The ‘Agency ProfitWatch’ survey, conducted by agency management specialist Maconomy, reveals that, despite agency consolidation and widespread job cuts (in 2002, 40% of job losses were in the creative sector), the creative industry is still failing to look internally to improve profitability.
Top line findings include:
• Lack of action on profitability – Despite agencies recognising the importance of profitability to their success, only half of agencies have initiatives in place to improve profitability
• Escaped revenue – Only 56% of agencies have a timesheet system in place - the worst offenders that fail to fill in their timesheets are senior management• Costs uncontrolled – 35% of agencies do not have a cost accounting system in place, while a massive 64% of agencies have not put in place an automated system to manage expenses
• New business black holes – Only 43% of agencies treat new business development as a cost centre and 13% of agencies have no limit on what they can spend on new business pitches.
“Agency Britain is leaking revenues,” said Steve Hoddinott, UK Country Manager, Maconomy.
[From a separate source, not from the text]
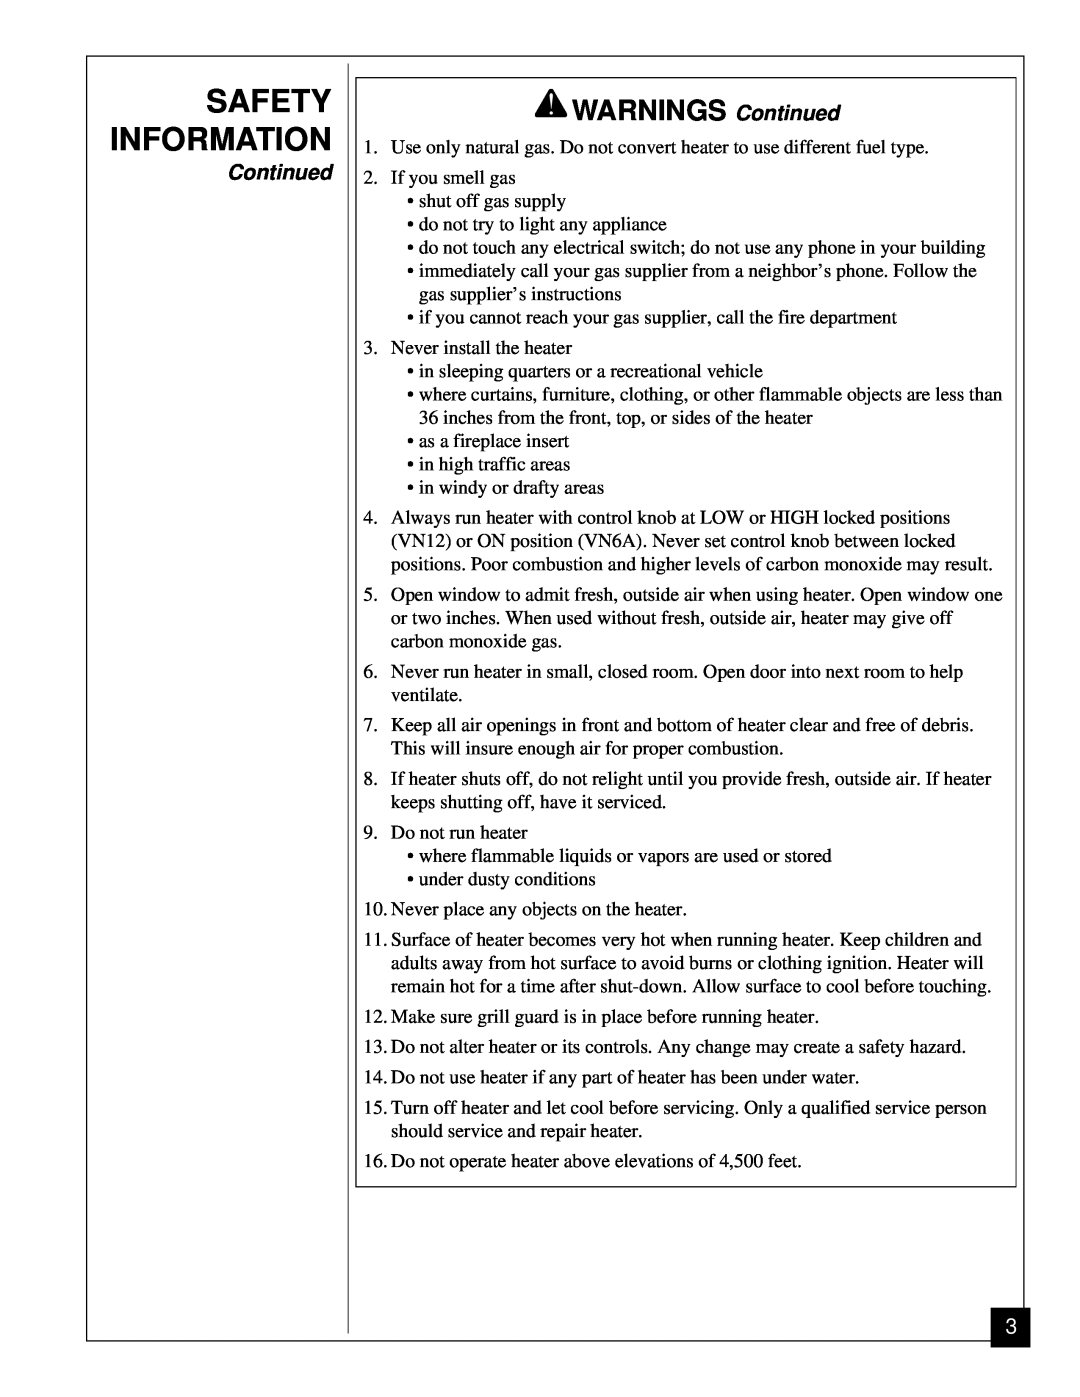 Vanguard Heating VN12, VN6A installation manual Safety Information, WARNINGS Continued

“Creative services is a major employer in the UK yet if you compare this industry with manufacturing, or retail for example, it is very immature in how it manages it processes.” Perhaps unsurprisingly, half of agencies admit to over-servicing clients by up to 20%. But more worrying is the discovery that almost one in three agencies do not know how much they over-service clients by. Agencies that continue to turn a blind eye to over-servicing are effectively giving away their consultancy for free. “As the Agency ProfitWatch survey reveals, agencies are good at addressing profitability from the creative side: working on new great new business ideas, thoroughly evaluating the pitch process and generating creative ideas. But where agencies tend to lose momentum is in their approach to managing themselves internally,” said Anne Gregory, professor at Leeds Metropolitan University. “Agencies forget that the way they report and manage accounts can be as significant a differentiator as their creative brilliance.” Interestingly, only 25% of agencies surveyed are able to offer their clients live job/project status via the Internet. Worryingly, more than a quarter of agencies interviewed believe that offering this type of activity report creates more issues than it solves with over a quarter of agencies. “In my experience, a creative agency that is willing to demonstrate cost transparency within their reporting methods will stand a very good chance of winning business at Nortel,” said Ben Atherton, corporate marketing manager, EMEA, Nortel. “Creativity in how they handle the account is paramount but it has to be aligned to a robust and open accounting system that ensures I know where we are and what we are spending at any given time.” The message is starting to get through, however. More than half of agencies surveyed say regular reporting and good accountability not only improve client relations, but also can help boost the bottom line.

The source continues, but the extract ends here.